Last week, I wrote about the high school science bloggers in Ms. Baker’s biology classes at Staten Island Academy. Over the next few weeks, I will be publishing several guest posts that have been written by Ms. Baker’s students.
Today’s post comes from ninth-grader Taylor, who would like to be an oncologist. (Note: At Ms. Baker’s request, I am withholding the last names of the students–if you are interested in contacting any of them, Ms. Baker asks that you please get in touch with her at firstname.lastname@example.org.) I have not done any editing–the post, which begins below, is all Taylor’s own work. –EA
One of the most rewarding experiences of living in such a technologically advanced time period is being able to witness the everyday advancements of science on the medical world. Perhaps what is most fascinating is the idea that one day the diseases that plagued past generations will maybe be eradicated or at least treatable, and maybe it will happen in our lifetime. Over the last two years a new technology for discovering genes, genotyping chip technology, has greatly contributed to scientific advancement. Genotyping chip technology screens work by detecting single nucleotide polymorphisms (SNPs) in the DNA code. The identification of these SNPs allows researchers to establish what version of a gene is present, as well as which genes are associated with various other diseases. Identifying the genes that lead to the development of genetic disorders, diseases caused by abnormalities in an individuals genetic material (DNA), could save millions of lives.

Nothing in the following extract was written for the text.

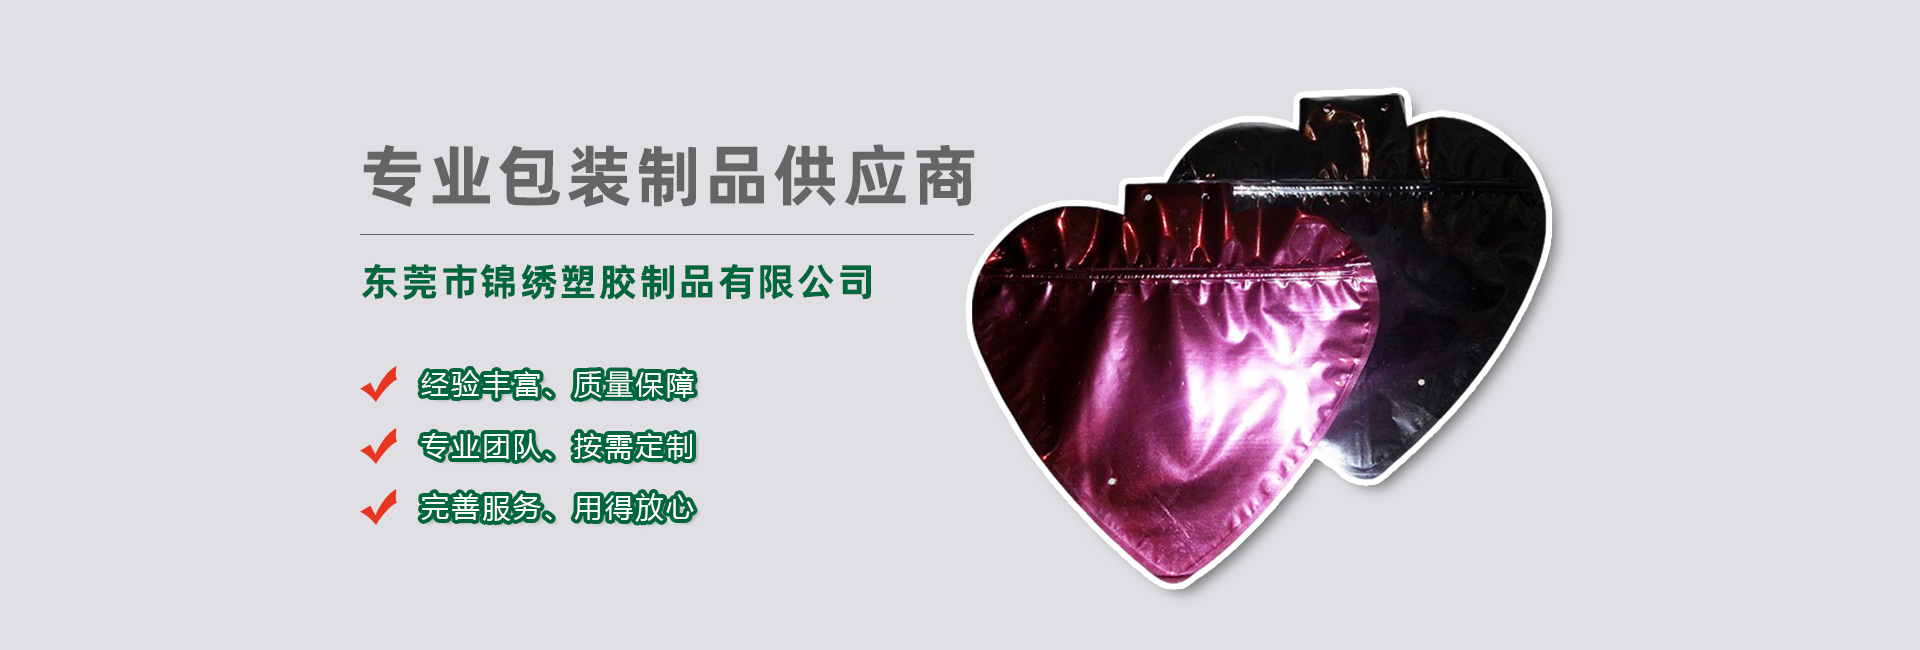 黑龙江食品袋banner

One disease in particular that could be detected early on using genetic screening is breast cancer. Breast cancer is a disease in which malignant cancer cells form in the breast tissue. Women in the United States develop breast cancer more frequently than any other form of cancer except for skin cancer. It is second only to lung cancer as a cause of cancer related deaths in women. Each year it is estimated that nearly 200,000 women will be diagnosed with breast cancer and more than 40,000 will die. Approximately 1,700 men will also be diagnosed with breast cancer and 450 will die each year. Many cases of breast cancer have been linked to mutations found in the BRCA1 and BRCA 2 genes. BRCA1 and BRCA2 are genes that belong to a class of known as tumor suppressor genes. In normally functioning cells, BRCA1 and BRCA2 help ensure the stability of the cell’s DNA, help prevent uncontrolled cell growth, and help to repair damaged DNA. Mutations of these genes have been linked to the development of hereditary breast cancer. How do BRCA1 and BRCA2 become mutated, and if your parent has it how likely is it that you will inherit it?
This is not to say that only mutations in BRCA1 and BRCA 2 will cause breast cancer, because there are several other agents that can lead to the development of breast cancer, but mutations in BRCA1 and BRCA2 are found in many cases of breast cancer and are found in more than half of hereditary cases. According to estimates of lifetime risk, about 12 percent of women in the general population will develop breast cancer sometime during their lives. Ultimately, a woman who has inherited a mutation in BRCA1 or BRCA2 is about five times more likely to develop breast cancer than a woman who does not have such a mutation. Genetic testing for mutations in BRCA 1 and BRCA 2 at an early age can detect this mutation before the cancer has even developed and allows the person to take preventative and life saving measures. One simple blood test can save your life, not only from detecting breast cancer but several other genetic diseases can also be identified by analyzing each individuals DNA. Would you be willing to have blood taken for the purpose of discovering your own genetic defects, if you have any?